5. the detection of mononucleotide polymorphism site
(1) dilution of genome DNA sample
DNA concentration according to measuring adds appropriate sterilizing bi-distilled water in 96 orifice plates, and DNA sample to be measured all is diluted to 10ng/ μ L.
(2) primer dilution
1. PCR primer dilution (totally 27 * 2):
Synthetic primer is diluted to 240 μ mol/L; Respectively get 5 μ L the PCR primer diluted from 54 pipes and join in a new epoxy resin pipe, and add 210 μ L sterilizing bi-distilled waters, as new multiple PCR primer pond; Have 480 μ L reagent in PCR primer pond, each primer final concentration is 2.5 μ mol/L.
2. extend primer dilution (totally 27):
Synthetic primer is diluted to 240 μ mol/L; Respectively get 5 μ L the extension primer diluted from 27 pipes and join in a new epoxy resin pipe, and add 105 μ L sterilizing bi-distilled waters as new extension primer pond; Extend in the primer pond and have 240 μ L reagent, each primer final concentration is 5 μ mol/L.
(3) the heavy PCR of 27-
1. prepare the multiple reaction mixture, the required reagent of each 96 orifice plate (96 samples) is composed as follows:
Primer pond (each primer concentration is 2.5 μ mol/L) 10.56 μ L
DNTPs (each constituent concentration is 2.5mmol/L) 18.77 μ L
10 * PCR damping fluid II, 52.8 μ L
MgCl
2(25mmol/L) 105.6μL
Amplitaq Gold archaeal dna polymerase (5 units/μ L) 10.56 μ L
Bi-distilled water 118.51 μ L
Add up to 316.8 μ L
2. to the PCR mixture that adds 3 μ L to prepare in the 96 every holes of orifice plate, then the genomic dna diluted is joined to corresponding Nei,Mei hole, hole add 2 μ L.
3. use shrouding film phonograph seal 96 orifice plates, centrifugal 10 seconds of 1000r/min.
4. operation following program: HOLD:94 ℃ 1min → 40 circulations on gene-amplificative instrament: 94 ℃ 30 seconds, 55 ℃ 30 seconds, 72 ℃ of 1min → HOLD:4 ℃ of 10min.
(4) PCR product purification
1. according to the system in following table, prepare purified reagent:
Exonuclease I (20 units/μ L) 10.56 μ L
Alkaline phosphatase (1 unit/μ L) 105.13 μ L
10 * alkaline phosphatase damping fluid, 31.68 μ L
Bi-distilled water 169.43 μ L
Add up to 316.8 μ L
2., after PCR finishes, take out 96 orifice plates, centrifugal 10 seconds of 1000r/min, every hole adds the purified reagent of the new preparation of 3 μ L.

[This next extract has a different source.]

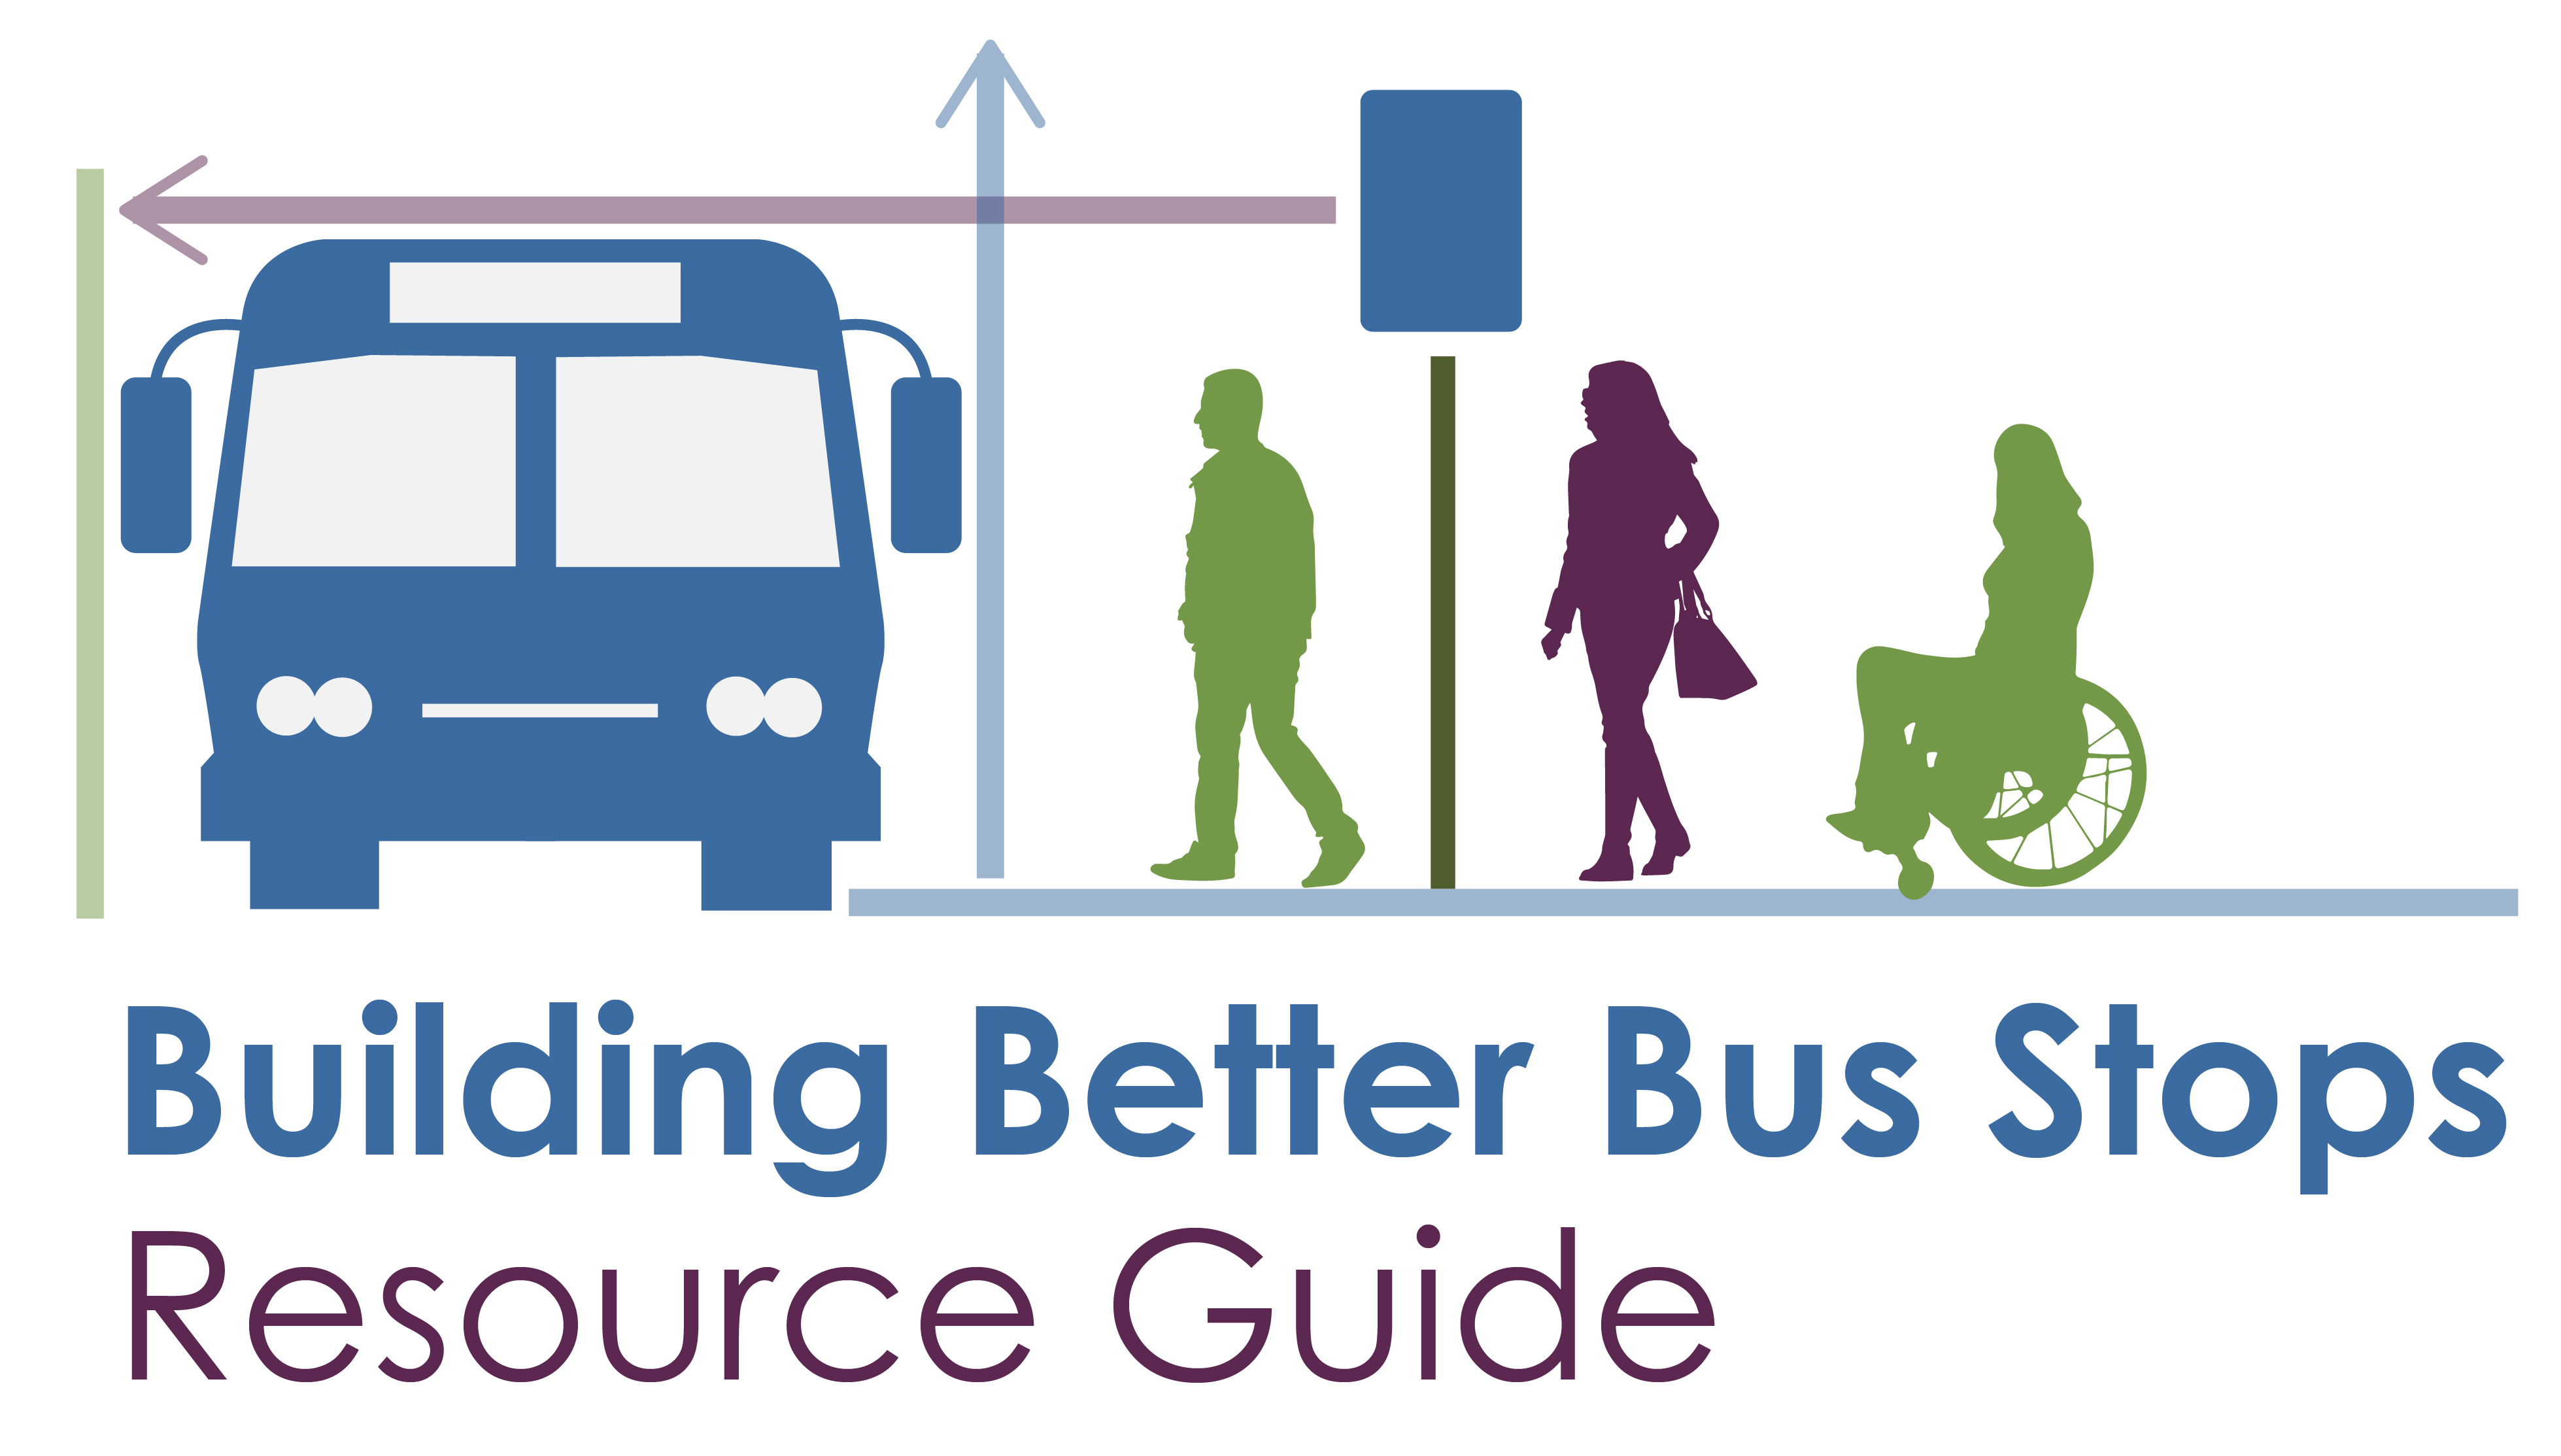 Illustration of a bus stop in silhouette with the text [Building Better Bus Stops Resource Guide]

3. get new shrouding film phonograph seal 96 orifice plates, centrifugal 10 seconds of 1000r/min.
4. move following program on gene-amplificative instrament: 37 ℃ of 30min → 96 ℃ 10min → 4 ℃ of 10min.The PCR product that purifying is good can be deposited several days under-20 ℃ of conditions.
(5) primer extension reaction
1. good PCR product thaws micro-array chip to be extended to dilution buffer liquid and purifying in advance.
2. system shown according to the form below is prepared micro-array chip primer extension reaction mixture:
Extend dilution buffer liquid 397.17 μ L
Extend primer mixture 3.17 μ L
Each 10.56 μ L of 20 * extension reagent mixture (T/C, A/G)
Bi-distilled water 315.53 μ L
Archaeal dna polymerase 2.21 μ L
Add up to 739.2 μ L
3. by centrifugal 10 seconds of PCR plate 1000r/min, to the primer extension reaction mixture that adds 7 μ L to prepare in each hole.
4. again with the shrouding film, seal up the PCR plate, centrifugal 10 seconds of 1000r/min.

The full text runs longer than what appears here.